### Data segment
┏━━
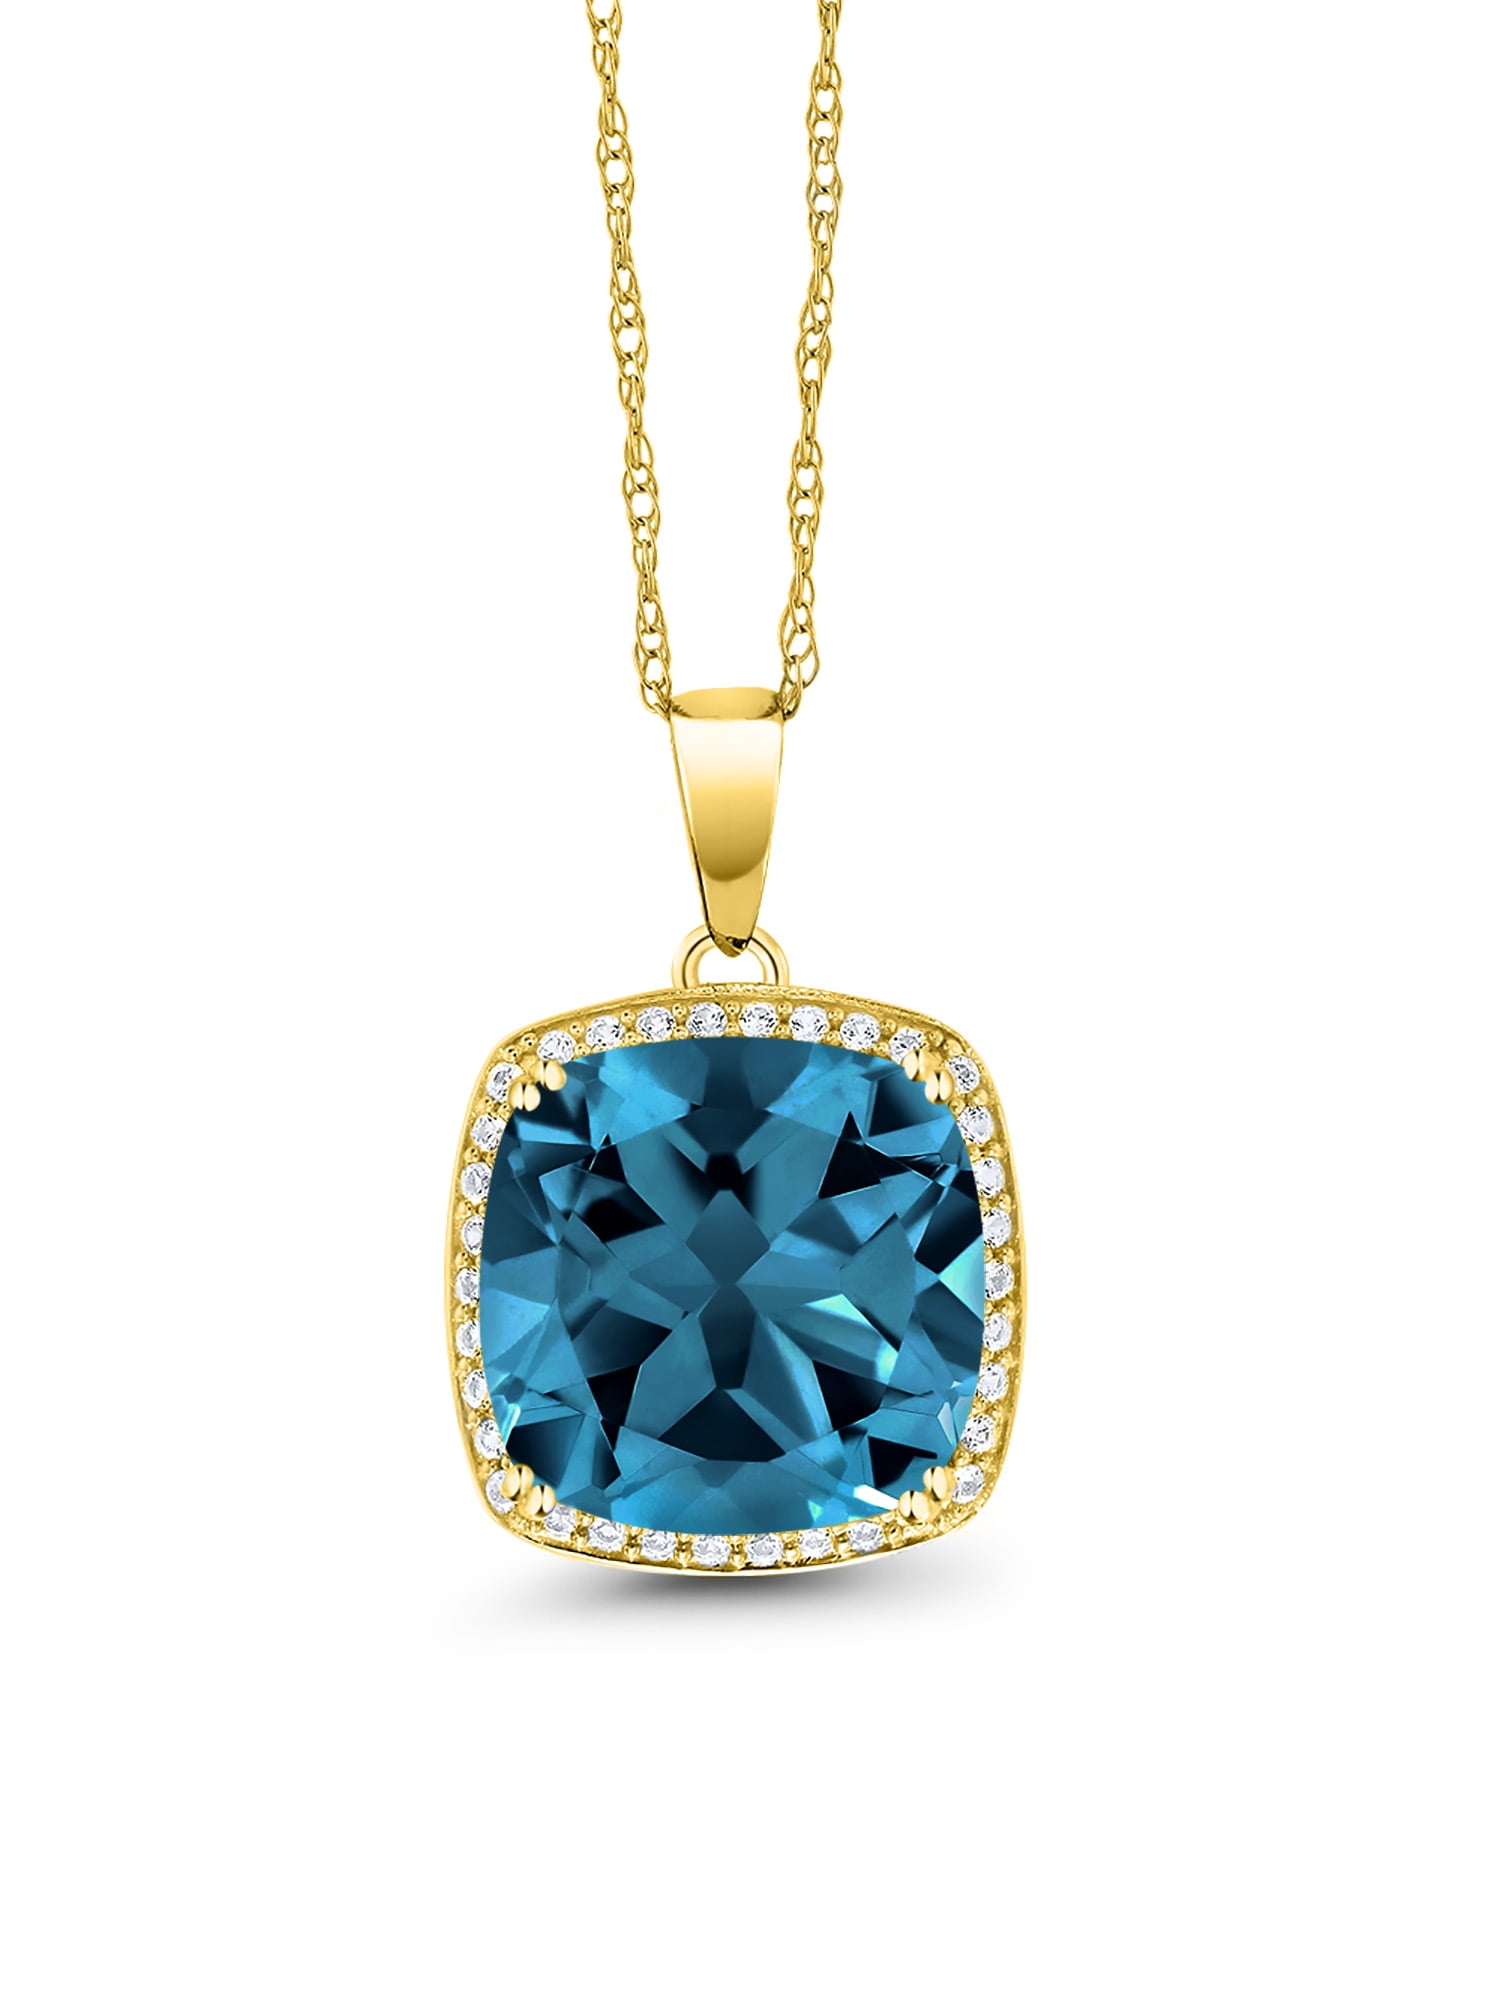 4.20Ct Emerald Cut Amethyst & Diamonds Pendant 14K Yellow Gold Finish Necklace
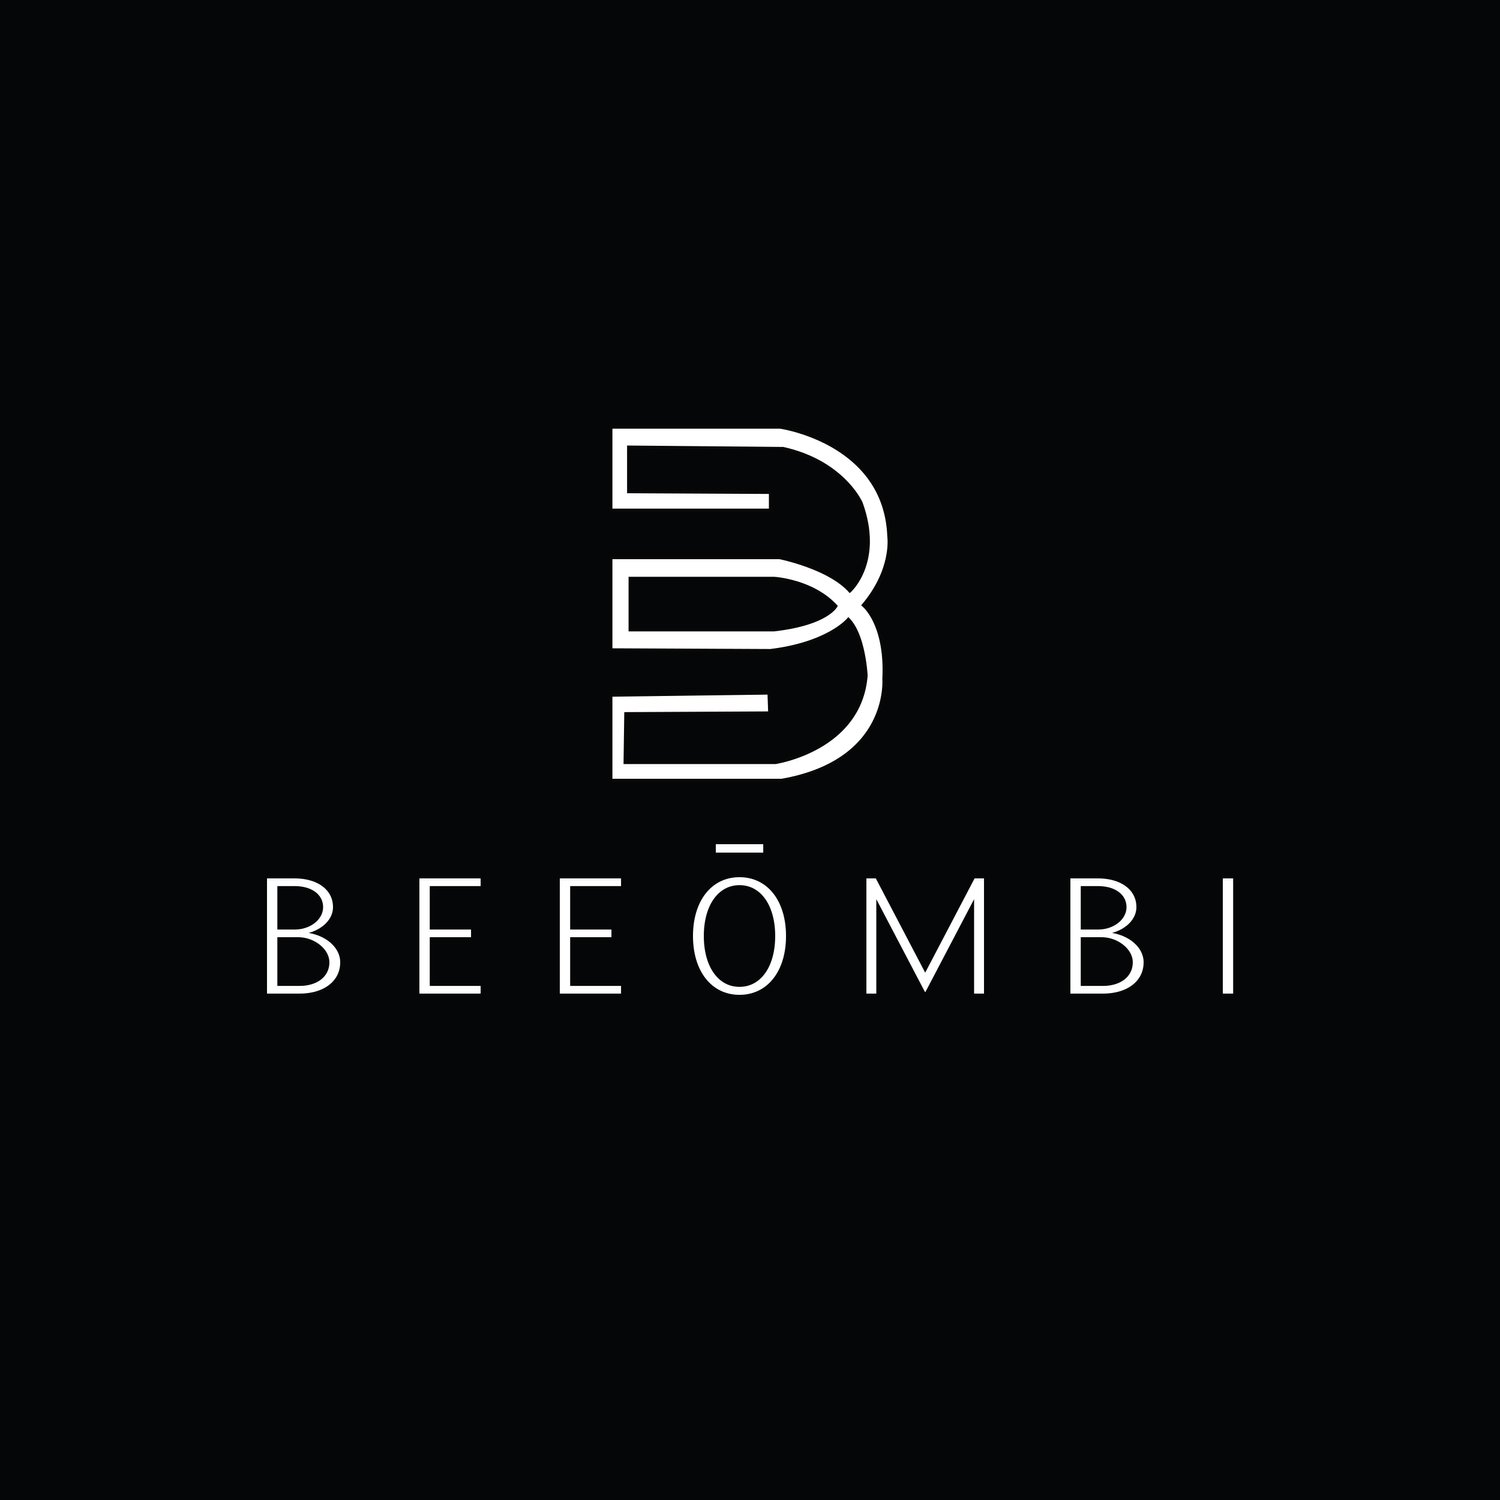 Beeombi
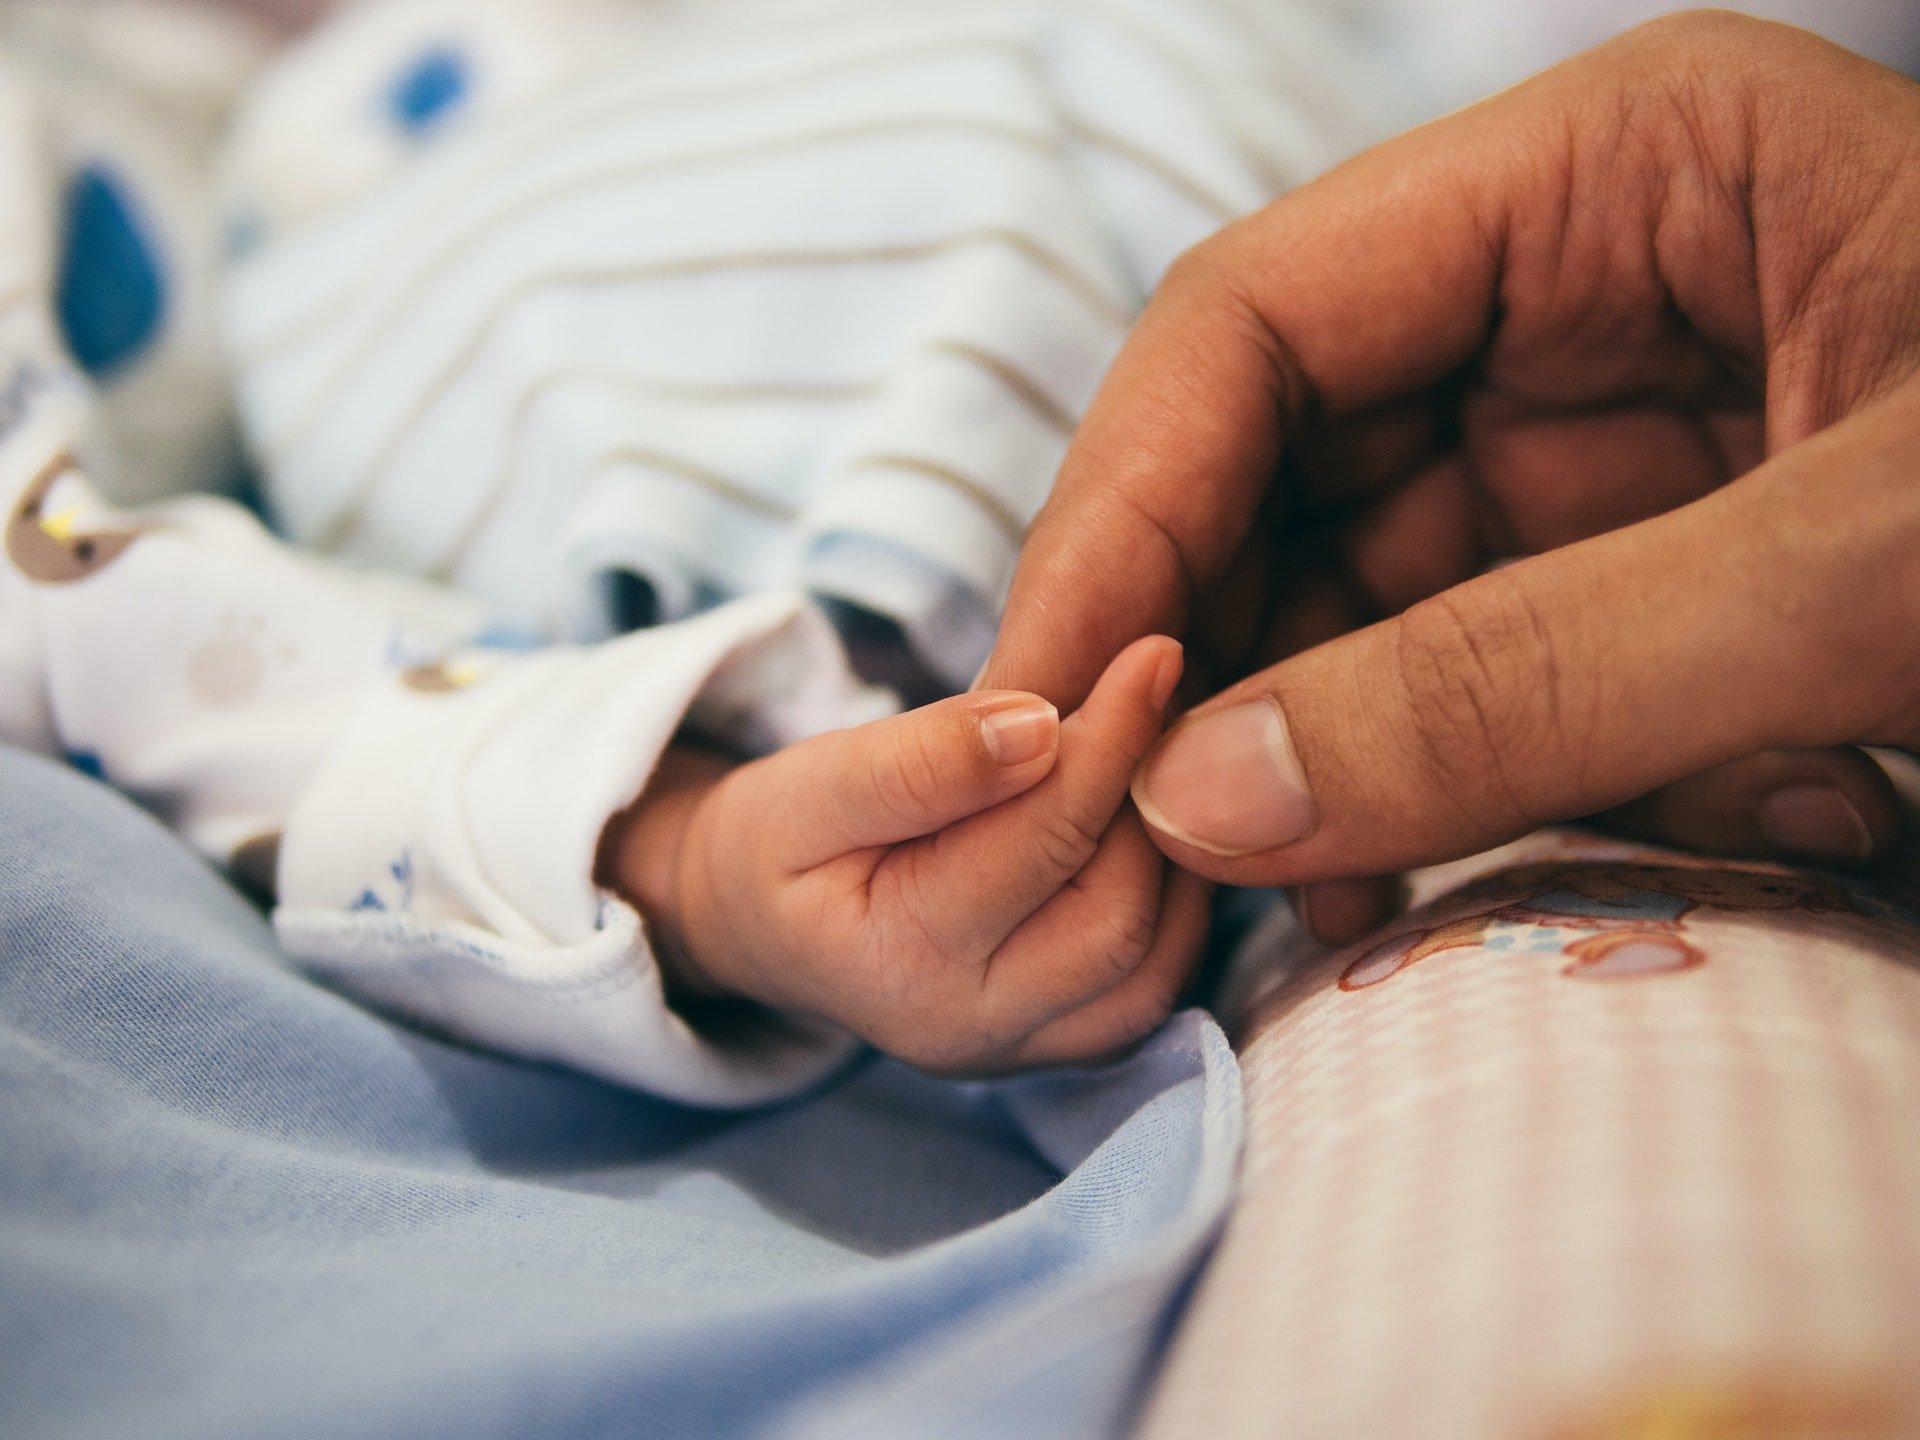 Newborn with its parent in hospital. | Source: Unsplash
┗━━
What you return should match the material word for word, apart from the pictures.

### Your solution
 4.20Ct Emerald Cut Amethyst & Diamonds Pendant 14K Yellow Gold Finish Necklace
 Beeombi
 Newborn with its parent in hospital. | Source: Unsplash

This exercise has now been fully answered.